February 06, 2009
Abdul Qadeer Khan, the Pakistani scientist accused of selling nuclear secrets, was today freed from five years of house arrest by a court and immediately declared that he can now "lead a normal life".
Khan, lionised as the "father" of Pakistan's atomic bomb, confessed in 2004 to selling nuclear secrets to Iran, North Korea and Libya. He was immediately pardoned but detained in his home.
In an interview with the Guardian after this morning's court ruling, the metallurgist said he had no plans to travel abroad or engage in domestic politics. Looking relaxed and well, the 72-year-old strolled in the front garden of his plush villa in Islamabad, playing with a pet dog and receiving well-wishers.
"It's a nice feeling, the worry is gone. I can lead a normal life now, as a normal citizen. It's a fine feeling," he later said by telephone.
Khan was detained in early 2004 after making a televised confession to nuclear proliferation, following intense international pressure on Pakistan. His nuclear trading network had been discovered by western intelligence agents.
A national hero in Pakistan for spearheading the country's nuclear weapons programme, Khan subsequently retracted his confession.
He said that, aside from having to maintain guards around him, he had been freed with the "blessing" of the government, which had been "very helpful".
Khan has been fighting a long-running court case against his detention, saying he had not been convicted of any crime. Under the previous regime, led by the then army chief, Pervez Musharraf, he had little chance of successfully challenging his arrest, but the civilian government has been flagging its wish to see him freed.

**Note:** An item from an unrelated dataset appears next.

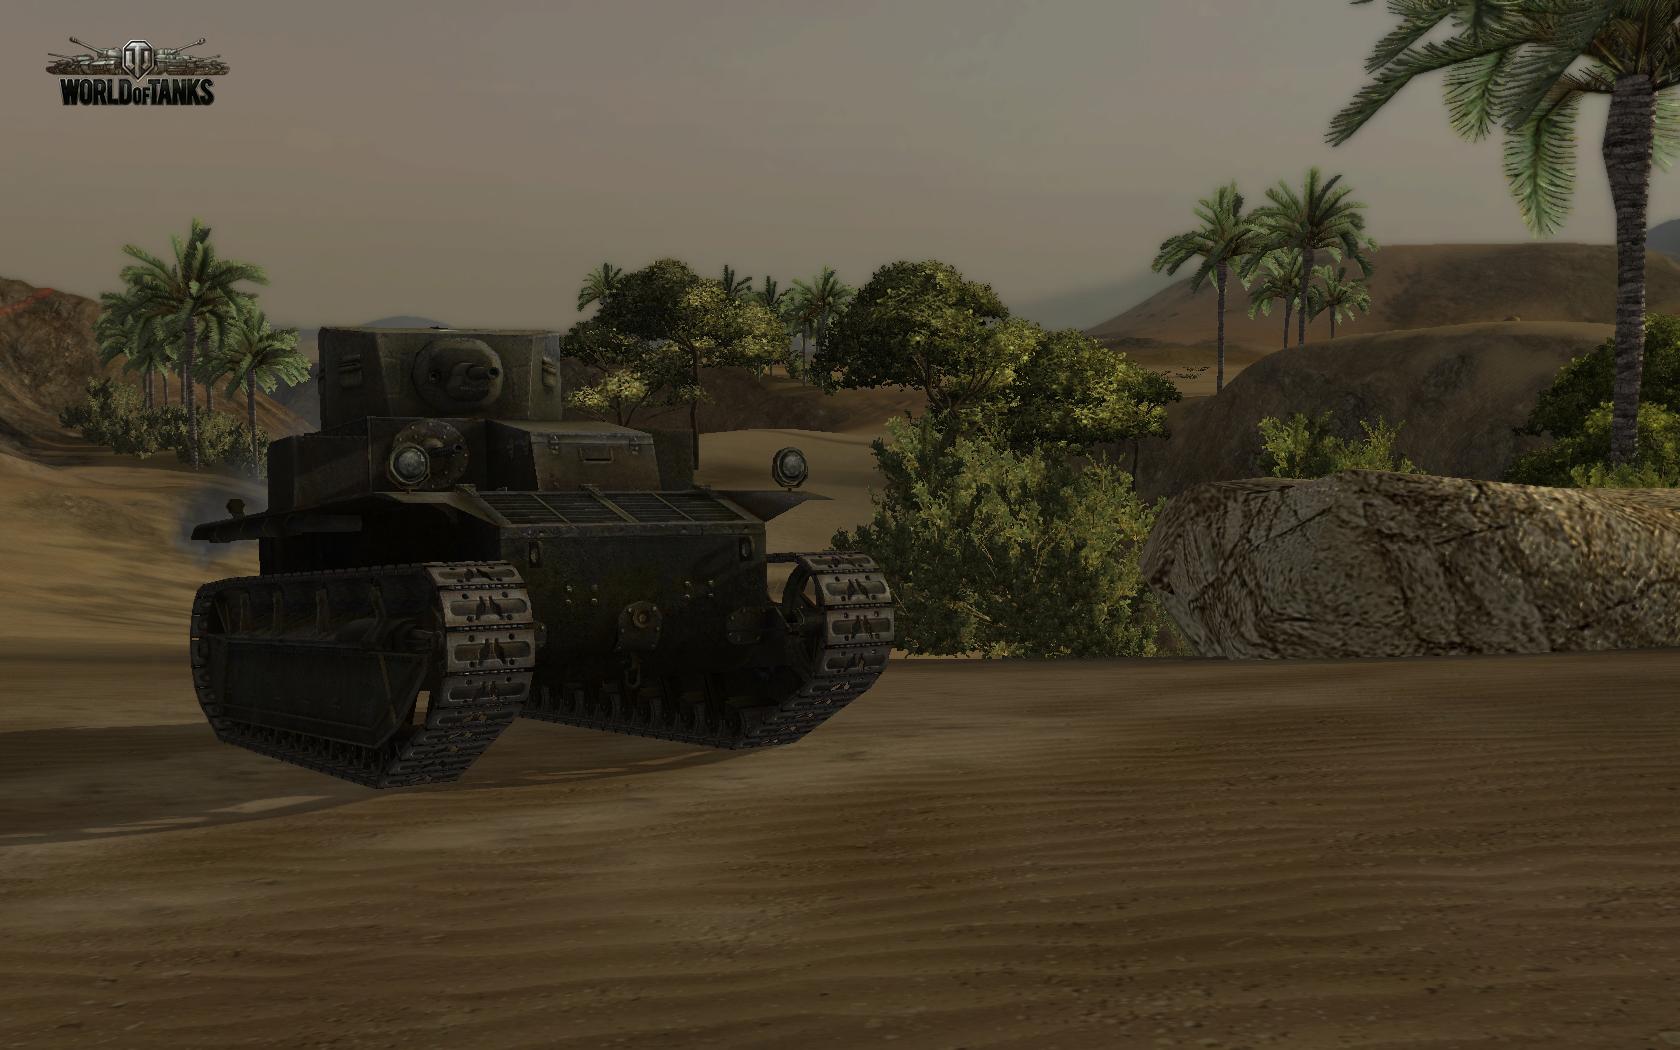 Click image for larger version.Name:World of Tanks 33.jpgViews:188Size:992.1 KBID:1620

Khan's lawyer said the high court had declared him a free citizen. "The court has said as he was not involved in nuclear proliferation or criminal activity, there is no case against him, therefore he is a free citizen," Ali Zafar said.
Last year a United Nations nuclear watchdog said Khan's network smuggled nuclear blueprints to Iran, Libya and North Korea and was active in 12 countries. Last month the US state department imposed sanctions on 13 individuals – two of them British – and three private companies because of their involvement in Khan's network.